Plotted against intelligence, Flash 3.5 lands in the price-efficient zone — meaningfully cheaper than Sonnet 4.6 with a higher Intel Index, and ~55% cheaper than GPT-5.4 xhigh for 3 fewer Index points:

Scatter plot positioning Gemini 3.5 Flash against Claude Sonnet 4.6, Gemini 3.1 Pro, Gemini 3 Flash, and GPT-5.4 xhigh on output price versus Intelligence Index axes, with Gemini 3.5 Flash highlighted in the price-efficient zone

Where it slips: the three benchmarks Google didn’t lead with

Every Pro-tier-replacing Flash launch has the same hidden cost: somewhere on the benchmark sheet, the smaller model gives ground. Gemini 3.5 Flash gives ground in three places that matter for specific workloads:

1. Dense long-context recall: MRCR v2 · 128k

Flash scores 77.3% vs Pro at 84.9% — a 7.6-point regression. At the 1M-token end of the window the two are within 0.3 points (26.6% vs 26.3%), which tells you something: the regression is in the 128k regime where dense critical information is packed tight. If your workload is “agent reasoning over a single 100-page document with one key fact buried mid-way,” 3.1 Pro is still the right pick. If your workload is “needle in a 1M-token haystack,” neither model is doing it well — both are at 26%.

2. Abstract reasoning: ARC-AGI-2

Flash scores 72.1% vs Pro at 77.1% — a 5-point regression. ARC-AGI-2 is the closest public proxy to “novel-puzzle reasoning under distribution shift” and the gap matters for research workloads that depend on the model finding unprompted solutions. For action-oriented agents, this gap is mostly invisible.

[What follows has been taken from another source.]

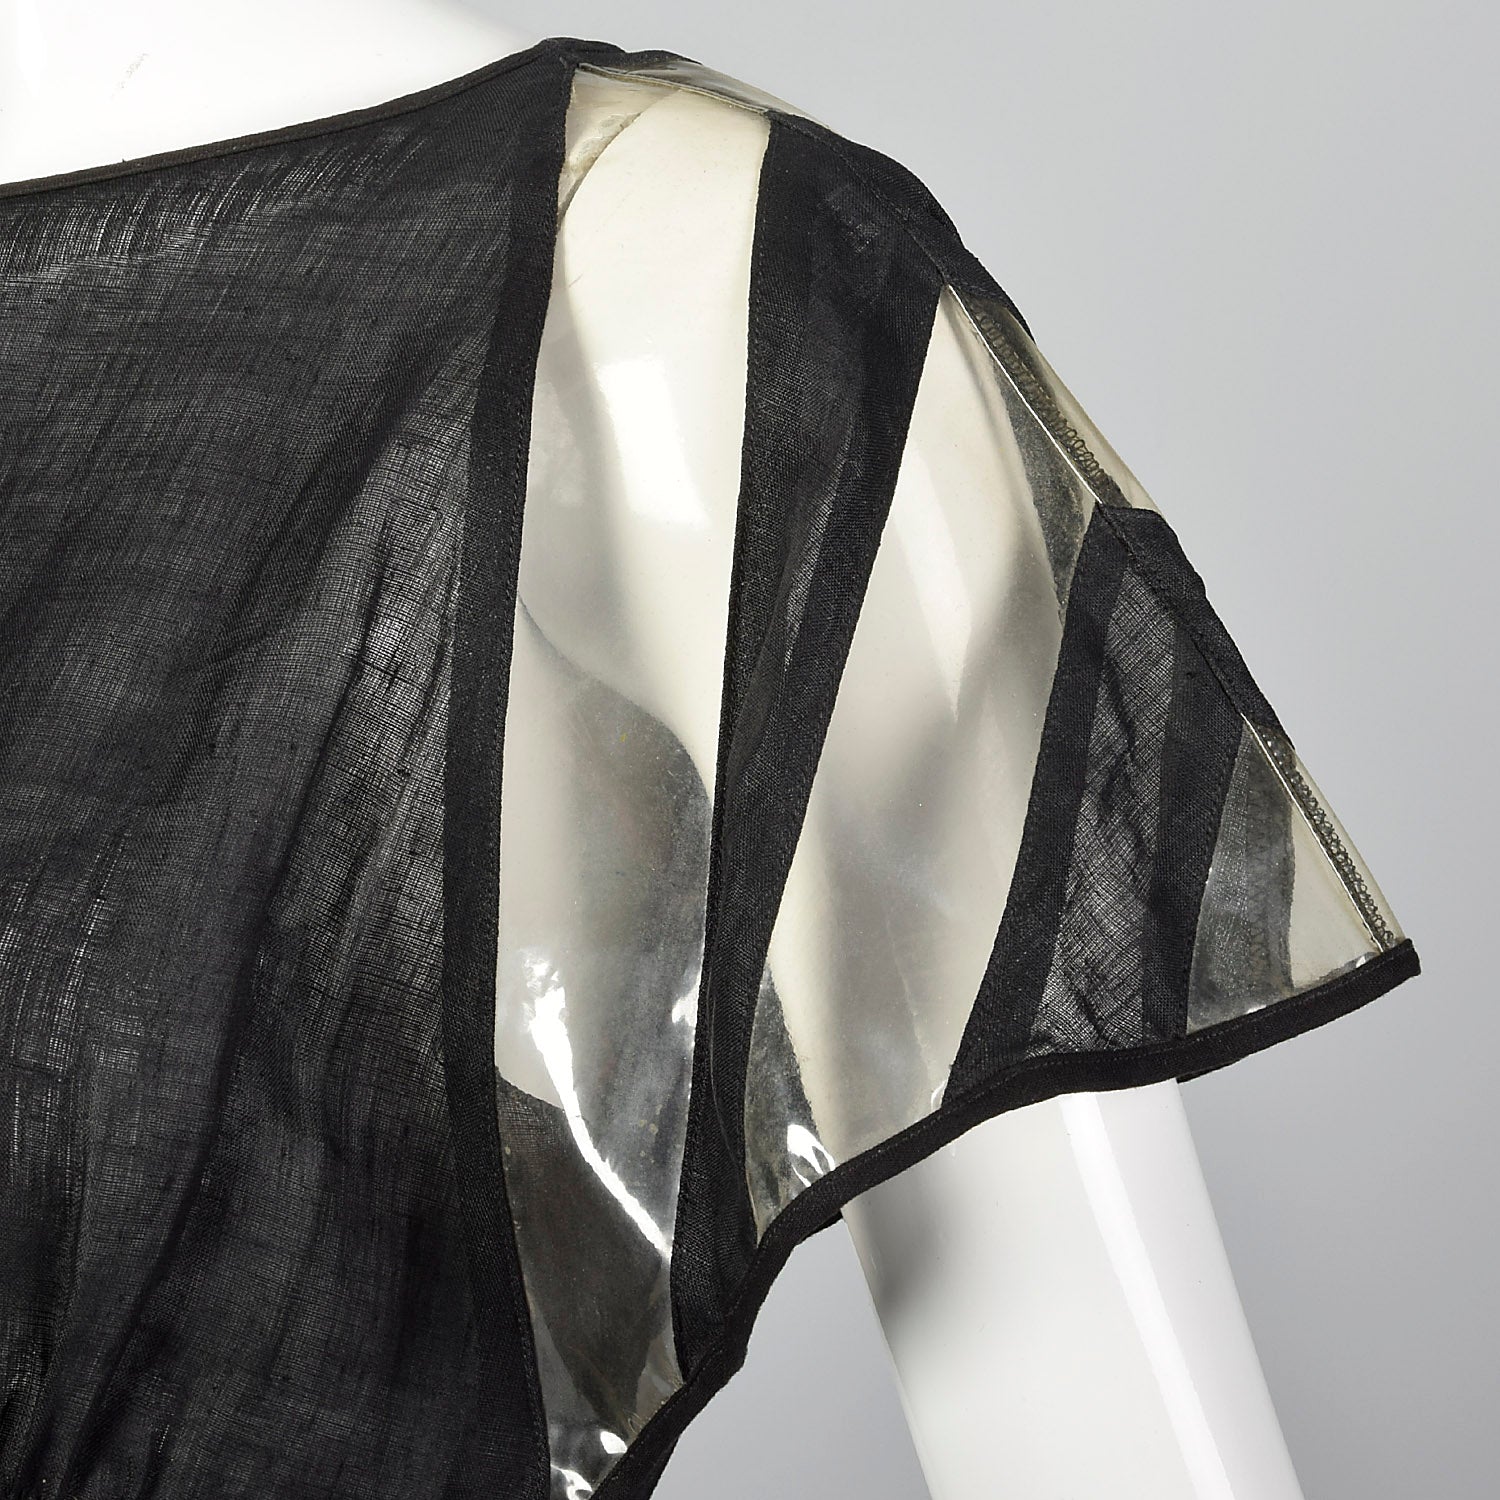 Fendi Linen Dress with Vinyl Sleeves & Split Skirt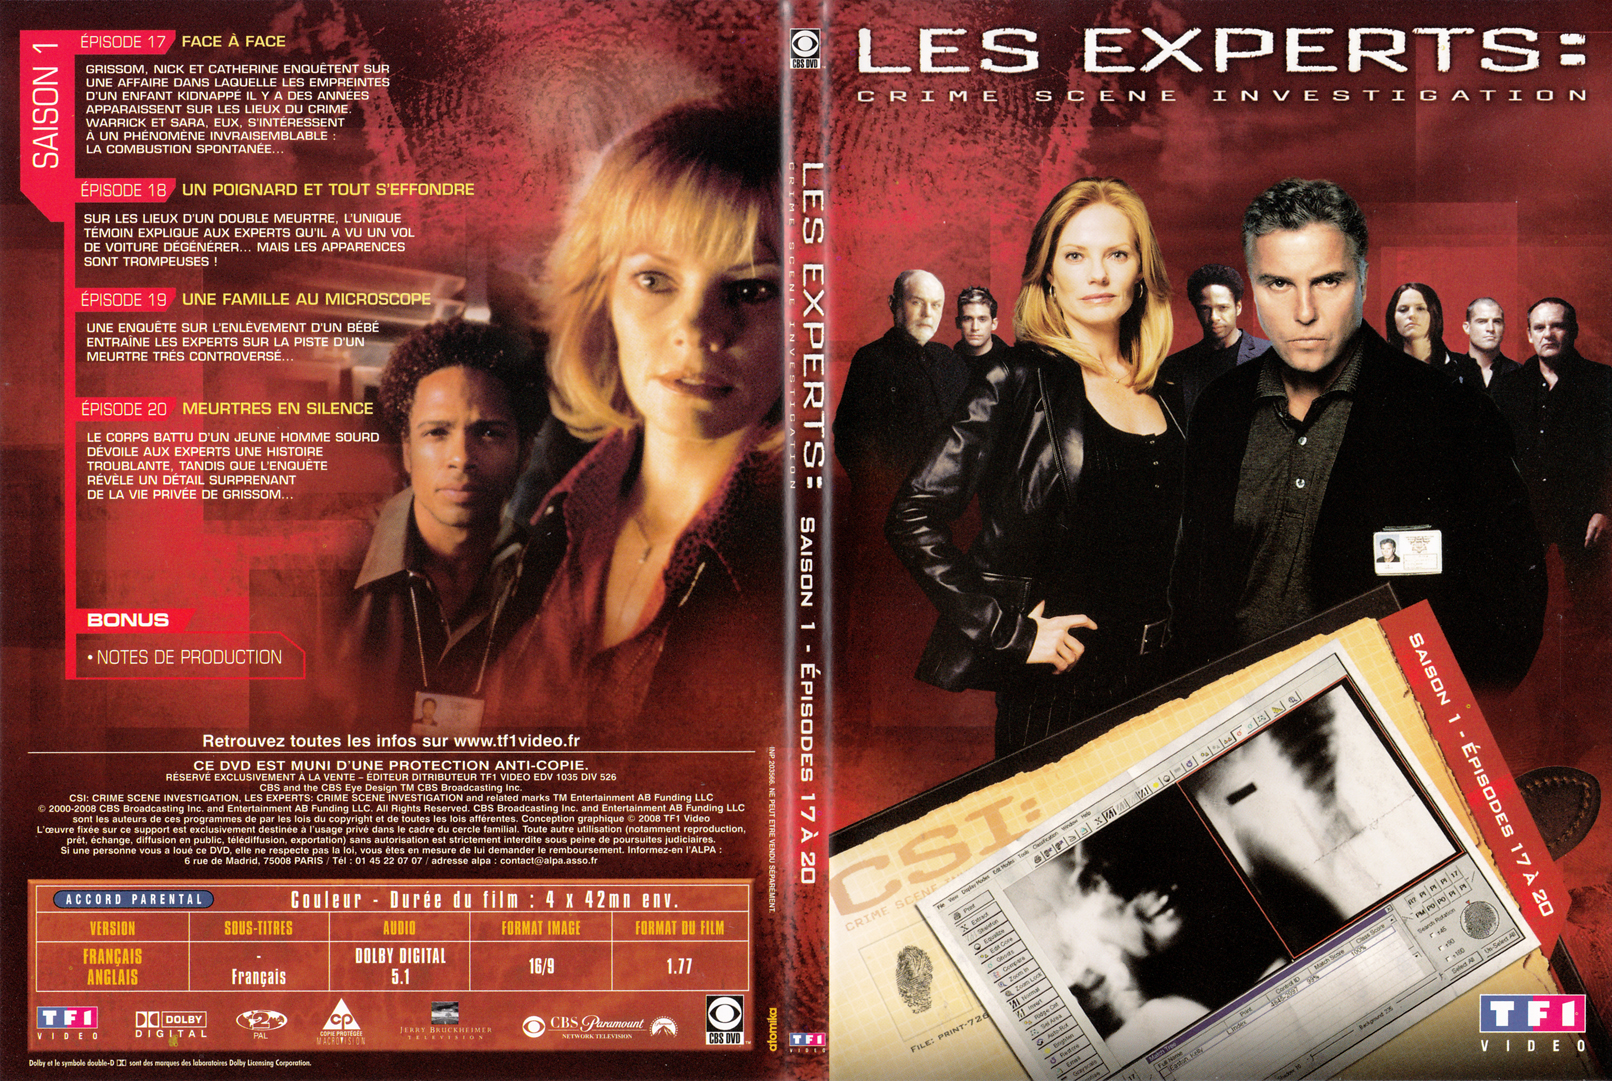 Jaquette DVD Les experts las vegas Saison 01 DVD 05 - SLIM

3. Raw parametric knowledge: Humanity’s Last Exam

Flash scores 40.2% vs Pro at 44.4% — a 4.2-point regression. Humanity’s Last Exam is dominated by raw memorized facts across hard sciences and obscure domains. If your agent is going to be asked “what’s the boiling point of 2-methylpentane at 800 Pa?” without retrieval, Pro is still the better recall engine. Most production agents shouldn’t depend on parametric knowledge anyway — that’s what RAG is for.

Rule of thumb from the llm-stats team that ran the migration analysis: “If your work is closer to research than to action, stay on 3.1 Pro for now.”

The `thinking_level` migration trap

This is the gotcha that will silently degrade quality across migrating teams over the next two weeks: the thinking_budget integer parameter from Gemini 3 Flash is gone. Gemini 3.5 Flash replaces it with a thinking_level enum: minimal / low / medium / high. The default dropped from high to medium.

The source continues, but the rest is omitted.